**Goal of the exercise**
The listing below should be printed again word for word, without any images.

**Information supplied**

____

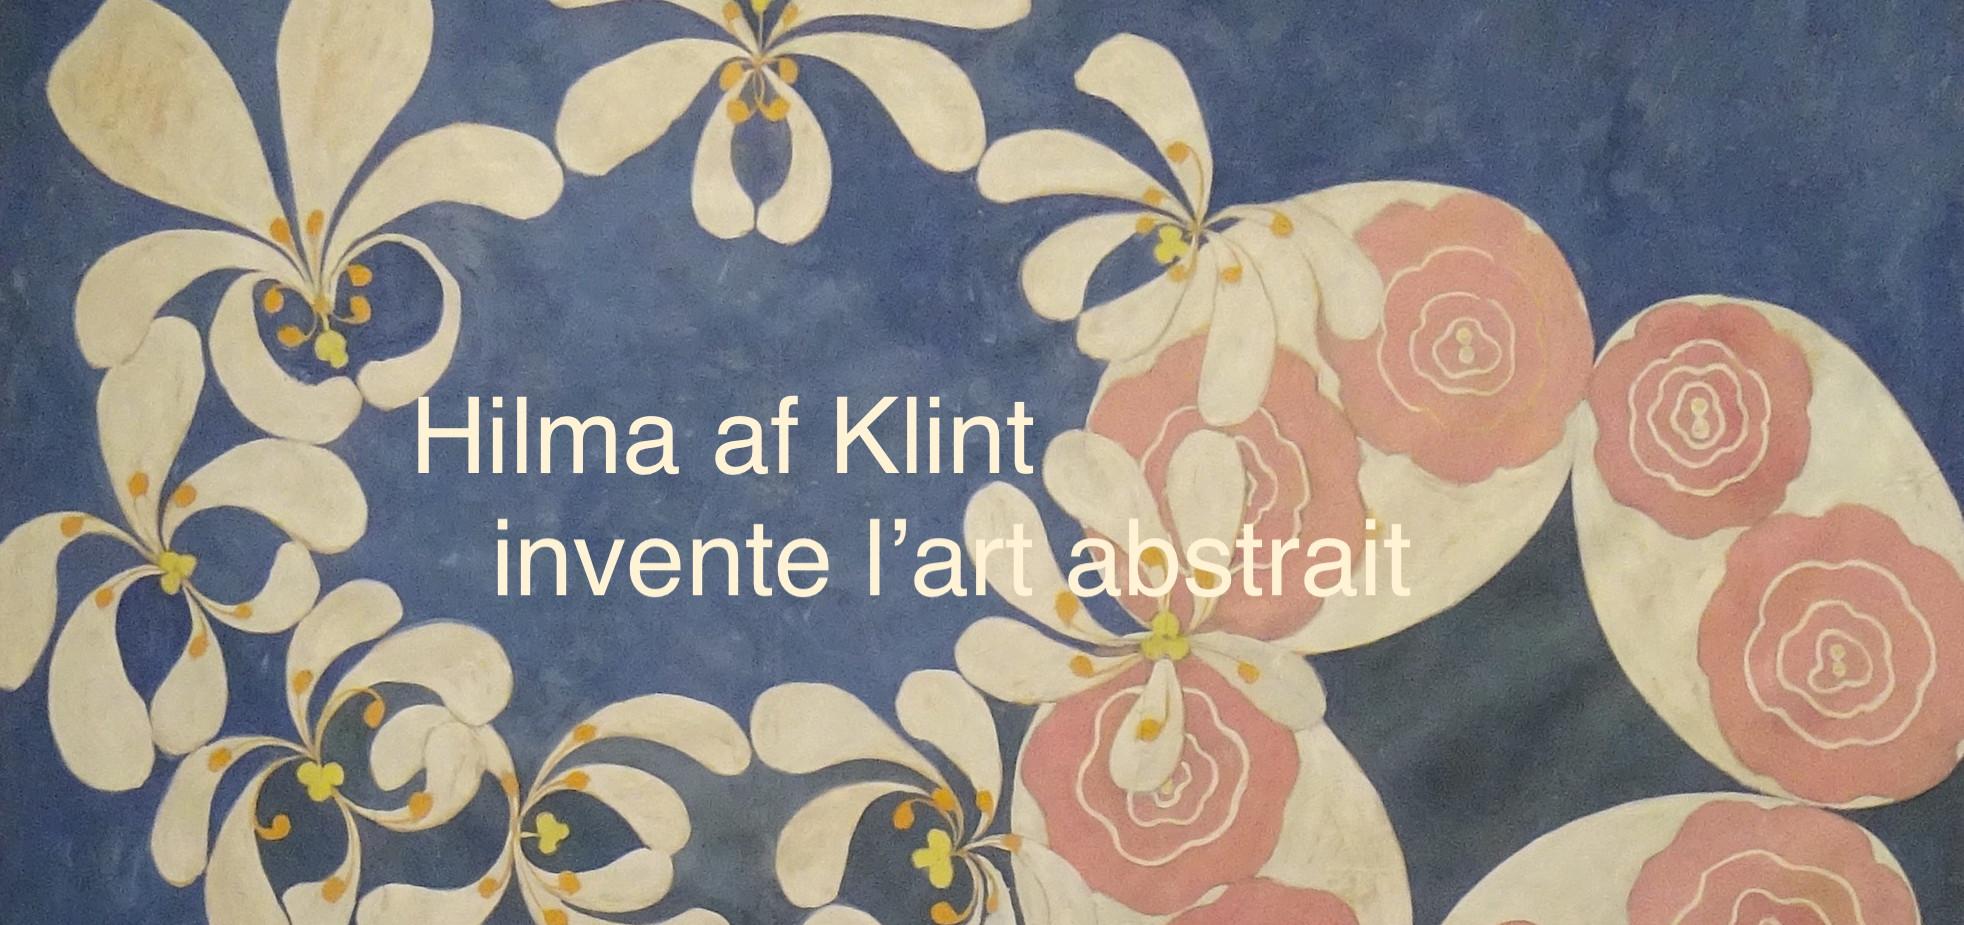 klint abstraction peinture suède invention
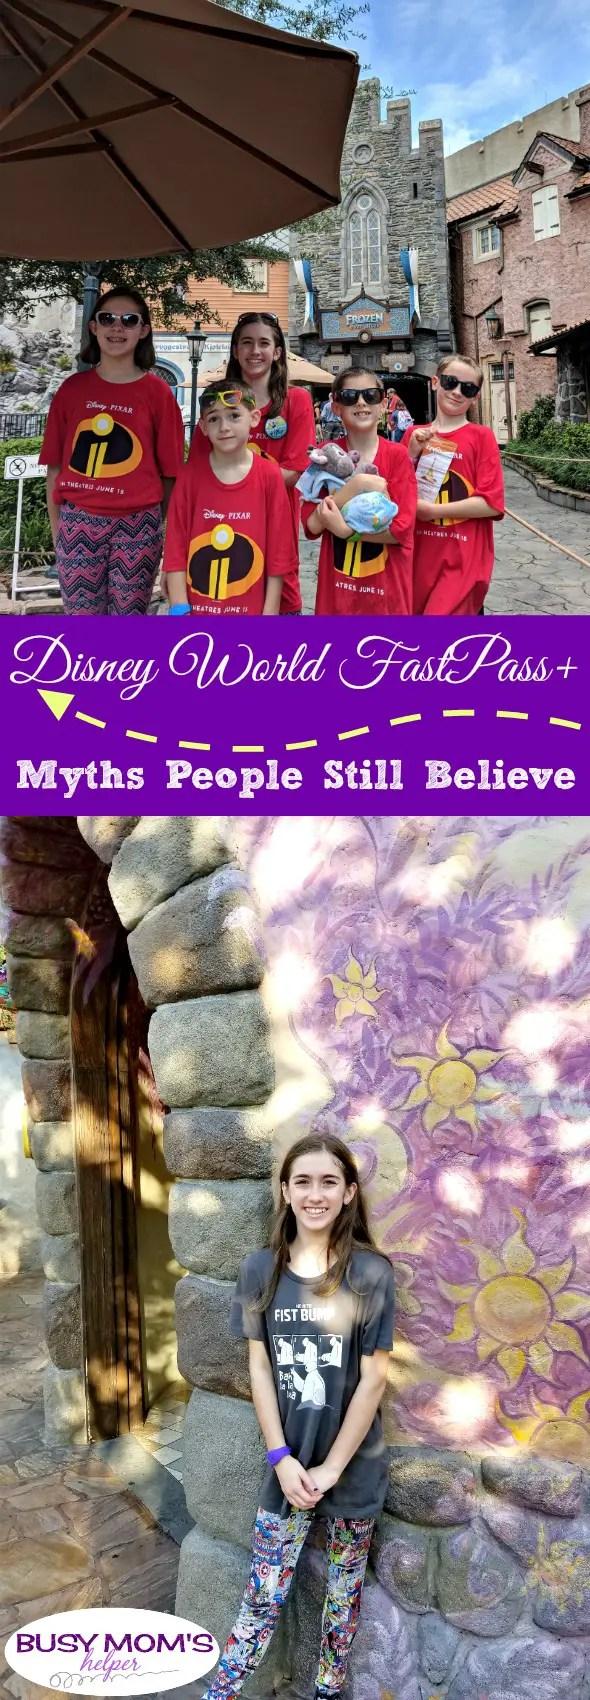 Disney World FastPass+ Myths People Still Believe #waltdisneyworld #disneyparks #travel #familytravel #disneytravel #disneytrip #fastpass
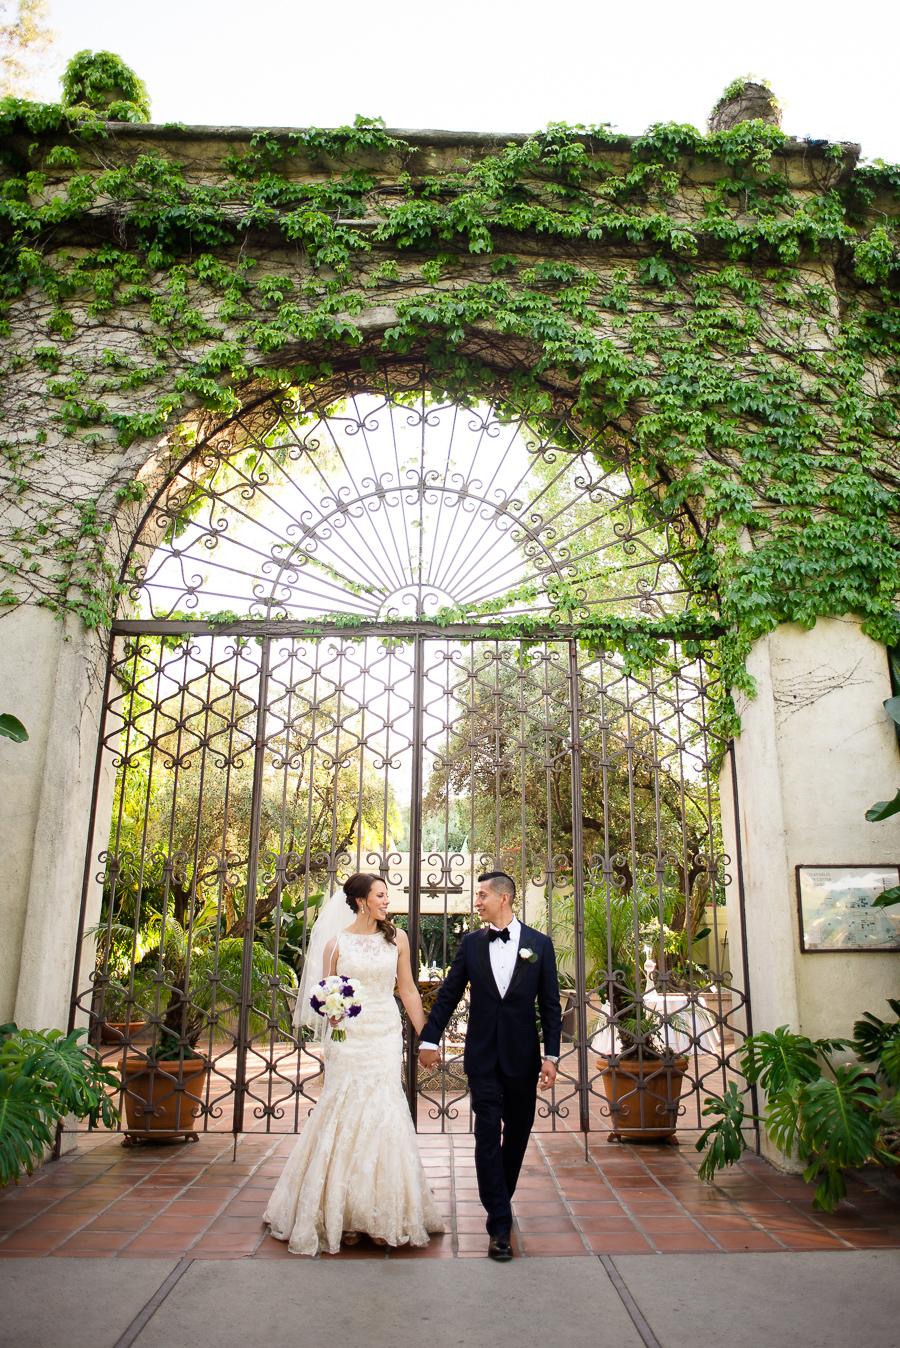 Williamsport wedding photographer

____

**Result below**
 klint abstraction peinture suède invention
 Disney World FastPass+ Myths People Still Believe #waltdisneyworld #disneyparks #travel #familytravel #disneytravel #disneytrip #fastpass
 Williamsport wedding photographer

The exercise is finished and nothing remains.